§ **Work item**
Every line of the material is to be transcribed verbatim, with images omitted.

§ **Dataset content**
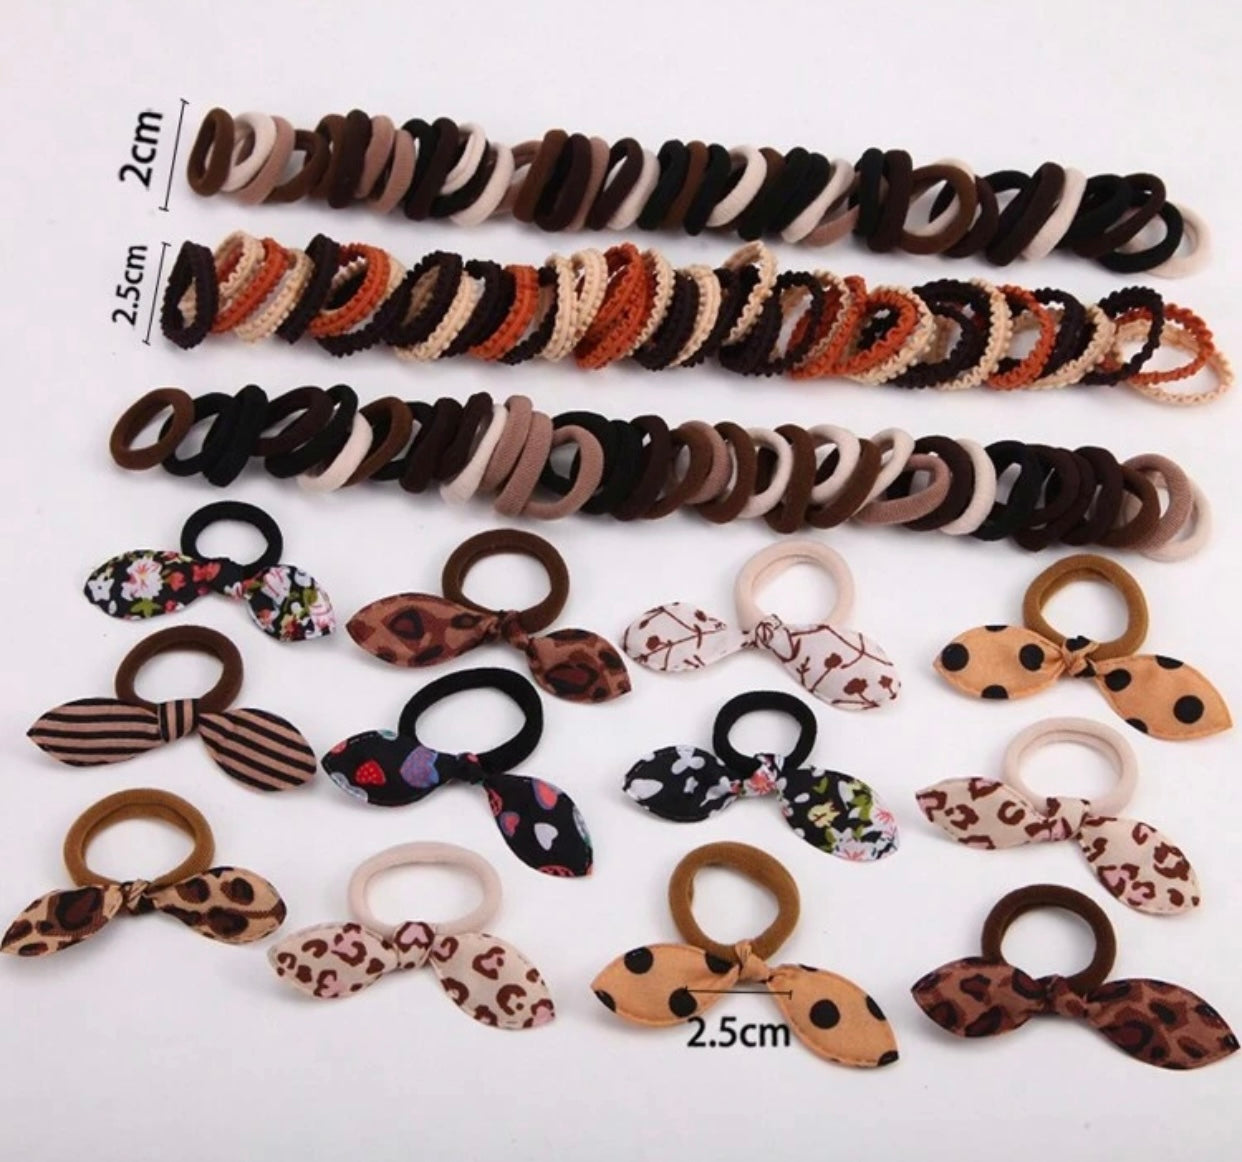 160 Small Brown Bobbles, Differeny Sizes, Hair ties
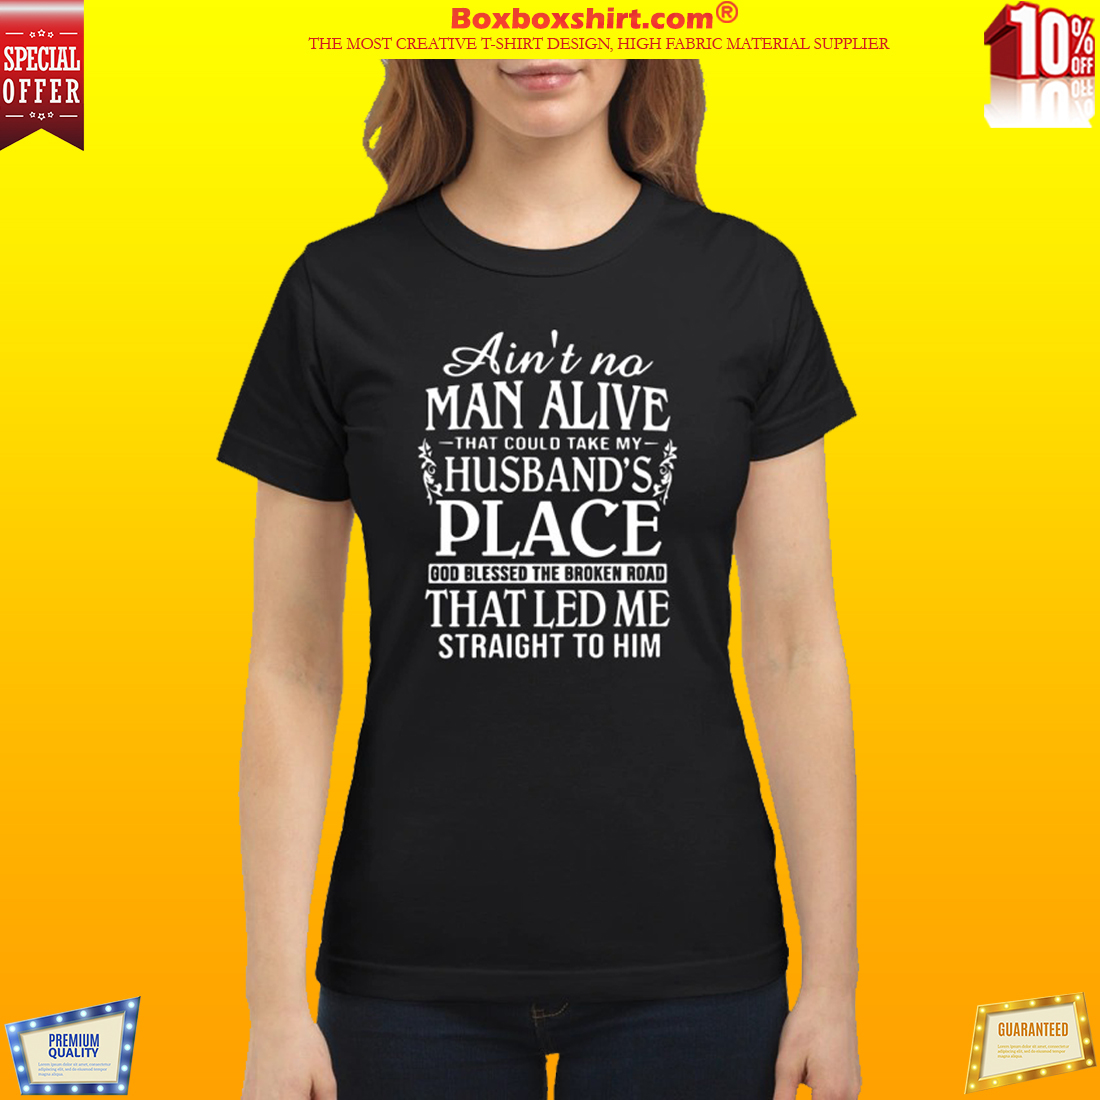 Ain't no man alive take my husband place that led me straight to him shirt
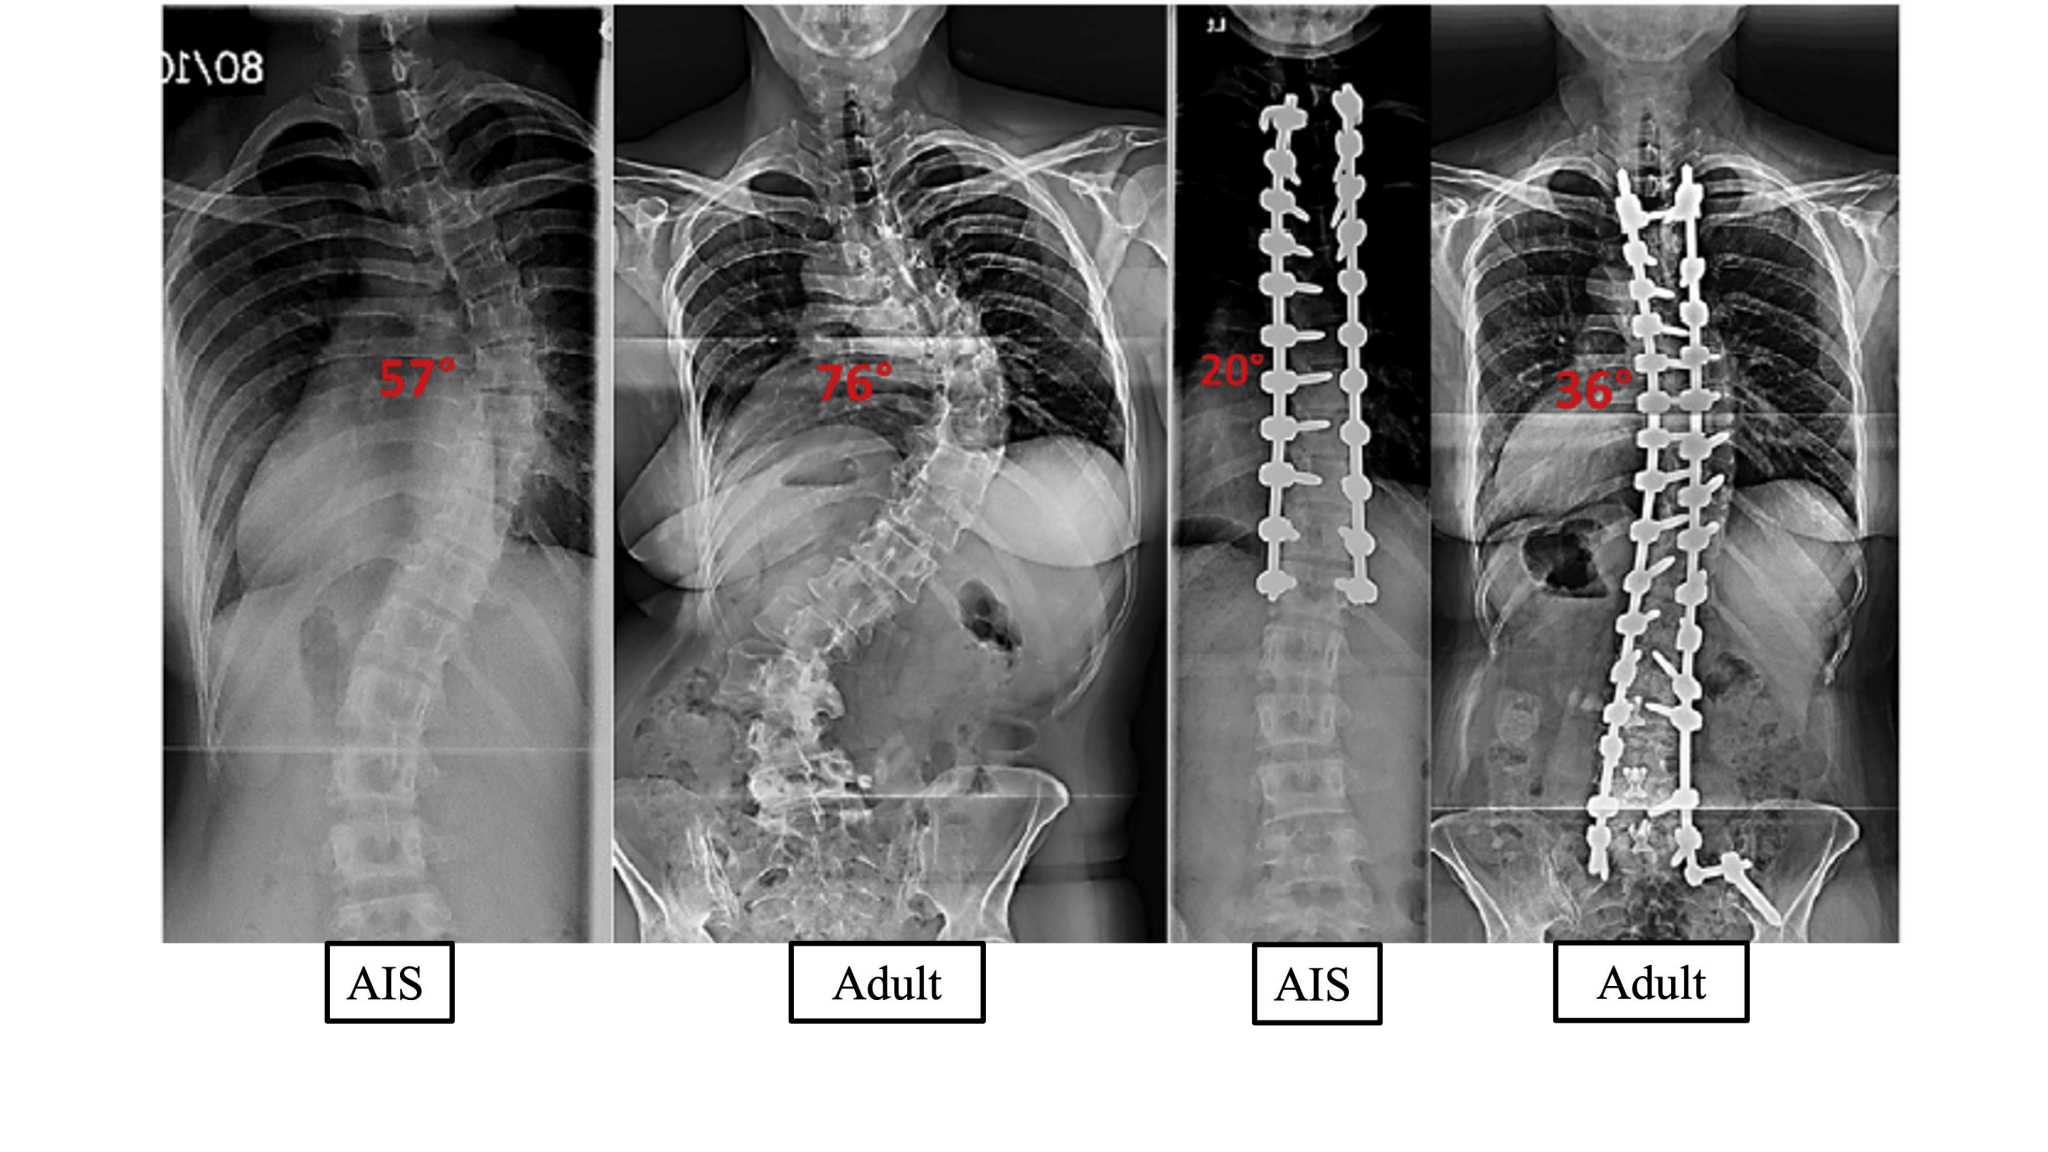 Levoscoliosis and Dextroscoliosis: How Are They Different?
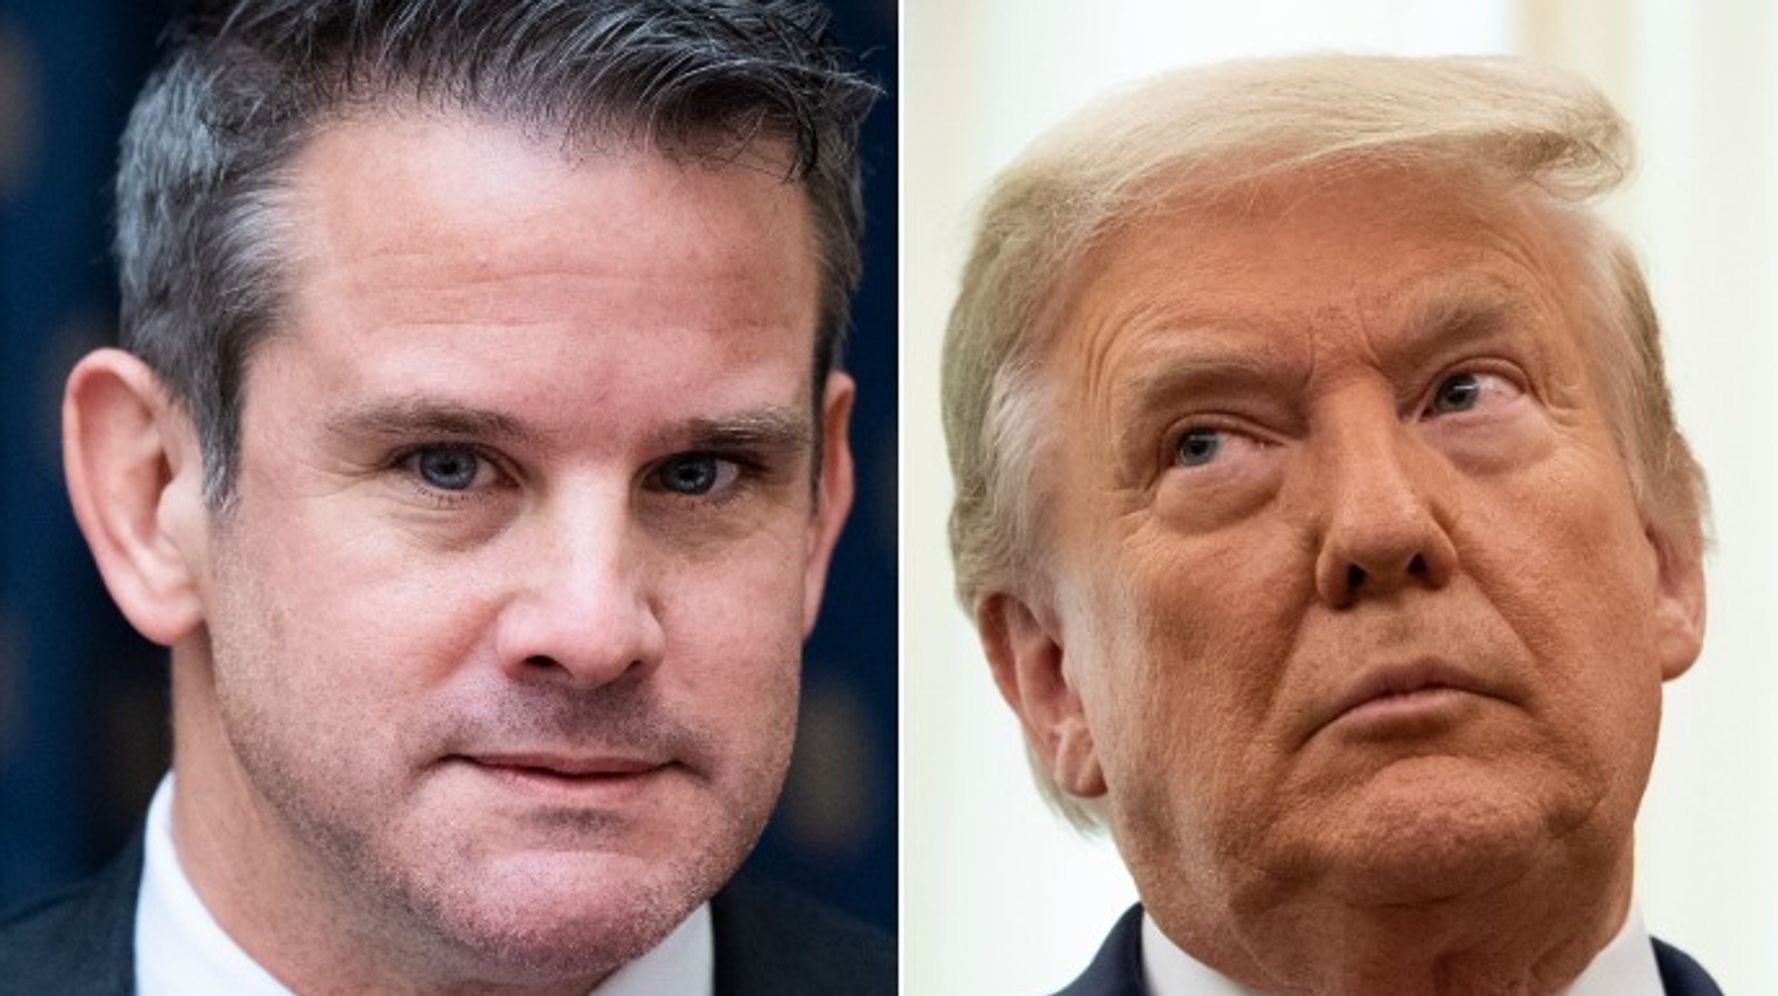 GOP Rep. Adam Kinzinger Takes A Favorite Conservative Insult, Fires It Right At Trump

§ **Exercise result**
 160 Small Brown Bobbles, Differeny Sizes, Hair ties
 Ain't no man alive take my husband place that led me straight to him shirt
 Levoscoliosis and Dextroscoliosis: How Are They Different?
 GOP Rep. Adam Kinzinger Takes A Favorite Conservative Insult, Fires It Right At Trump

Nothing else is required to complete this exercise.